Understanding How Galaxies Reionized the Universe
Sanchayeeta Borthakur, Arizona State University
Identifying the population of galaxies that was responsible for the reionization of the universe is a long-standing quest in astronomy. While young stars can produce large amounts of ionizing photons, the mechanism behind the escape of Lyman continuum photons (wavelength < 912 A) from star-forming regions has eluded us. To identify such galaxies and to understand the process of the escape of Lyman continuum, we present an indirect technique known as the residual flux technique. Using this technique, we identified (and later confirmed) the first low-redshift galaxy that has an escape fraction of ionizing flux of 21%. This leaky galaxy provides us with valuable insights into the physics of starburst-driven feedback.
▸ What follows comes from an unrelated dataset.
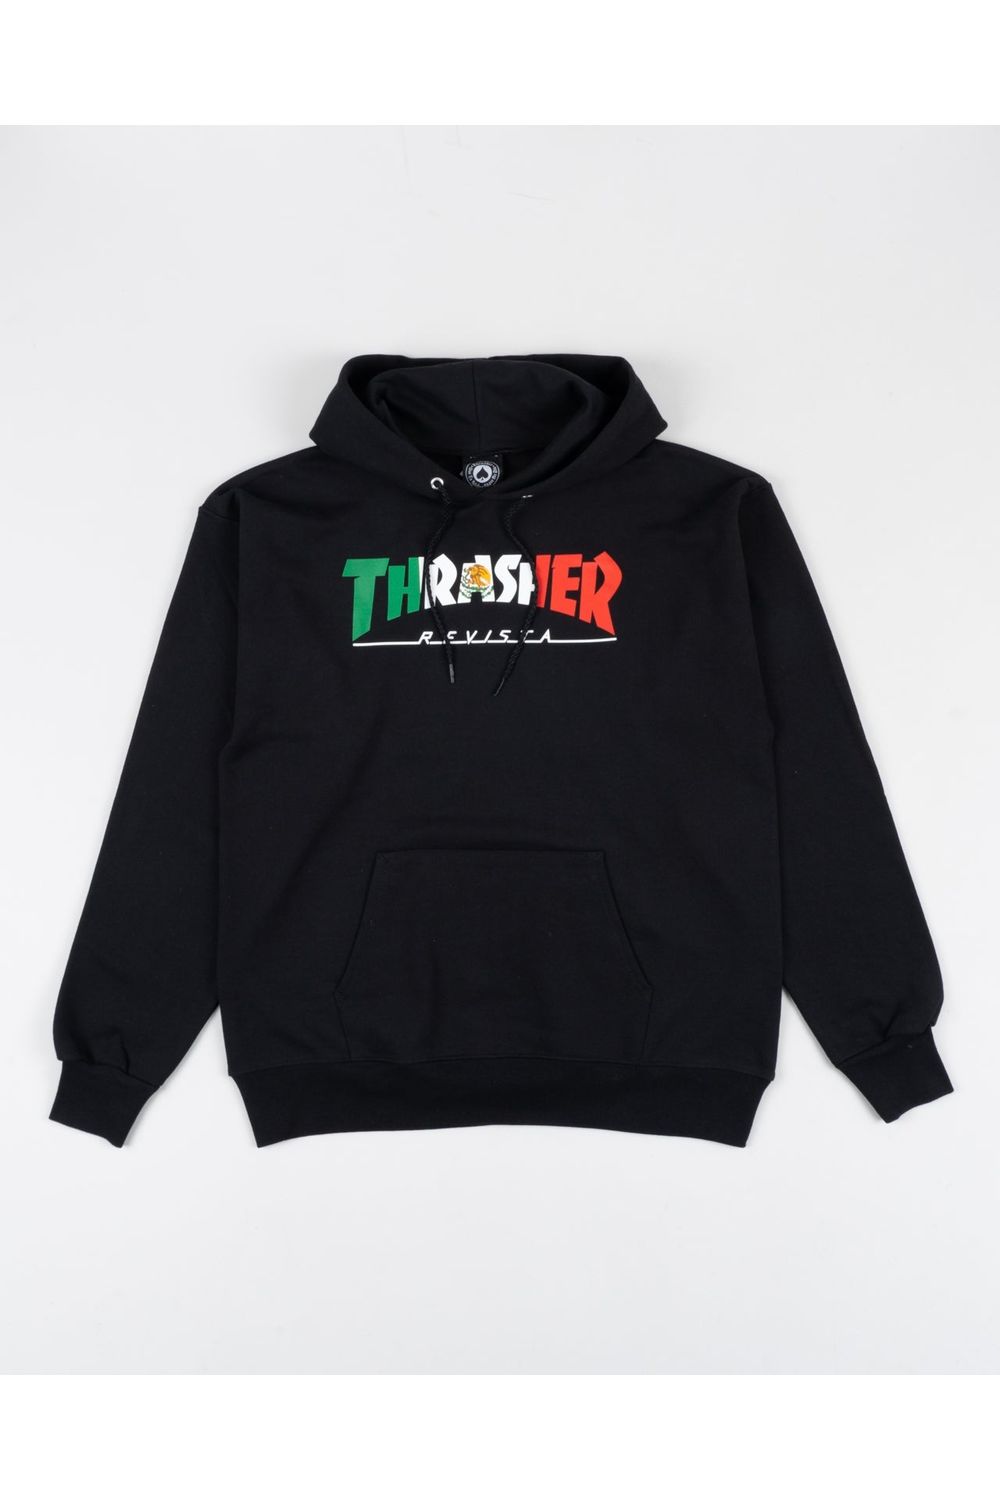 Thrasher Mexico Hood

In addition, since direct detection of ionizing flux is impossible at the epoch of reionization, the residual flux technique presents a highly valuable tool for future studies to be conducted with the upcoming large telescopes such as the JWST.
The AAVSO Program: A Resource for Variable Star Research
Stella Kafka, AAVSO
The AAVSO was formed in 1911 as a group of US-based amateur observers obtaining data in support of professional astronomy projects. Now, it has evolved into an International Organization with members and observers from both the professional and non-professional astronomical community, contributing photometry to a public photometric database of about 25,000 variable objects, and using it for research projects. As such, the AAVSO’s main claim to fame is that it successfully engages backyard Astronomers, educators, students and professional astronomers in astronomical research. I will present the main aspects of the association and how it has evolved with time to become a premium resource for variable star researchers. I will also discuss the various means that the AAVSO is using to support cutting-edge variable star science, and how it engages its members in projects building a stronger international astronomical community.
Dr. Stella Kafka, is the Director of the AAVSO (American Association of Variable Star Observers). Before her tenure at the AAVSO, Dr Kafka held positions at CTIO, Spitzer Science center/Caltech, Carnegie Institution of Washington/DTM and AIP Publishing. The AAVSO is an international non-profit organization of variable star observers whose mission is to enable anyone, anywhere, to participate in scientific discovery through variable star astronomy.
Solving the Puzzles of the Moon
Shun Karato, Yale University
After 50 years from the first landing of men on the Moon, about 380 kg of samples were collected by the Apollo mission. Chemical analyses of these samples together with a theory of planetary formation led to a “giant impact” paradigm (in mid 1970s). In this paradigm, the Moon was formed in the later stage of Earth formation (not the very late stage, though), when the proto-Earth was hit by an impactor with a modest size (~ Mars size) at an oblique angle. Such an impact is a natural consequence of planetary formation from a proto-planetary nebula. This collision may have kicked out mantle materials from the proto-Earth to form the Moon. This model explains mostly rocky composition of the Moon and the large angular momentum of the Earth-Moon system. High temperatures caused by an impact likely removed much of the volatile components such as water.
However, two recent geochemical observations cast doubt about the validity of such a paradigm. They include (i) not-so-dry Moon suggested from the analysis of basaltic inclusions in olivine, and (ii) the high degree of similarities in many isotopes. The first observation is obviously counter-intuitive, but the second one is also hard to reconcile with the standard model of a giant impact, because many models show that a giant impact produces the Moon mostly from the impactor. In this presentation, I will show how one can solve these puzzles by a combination of physics/chemistry of materials with some basic physics of a giant impact.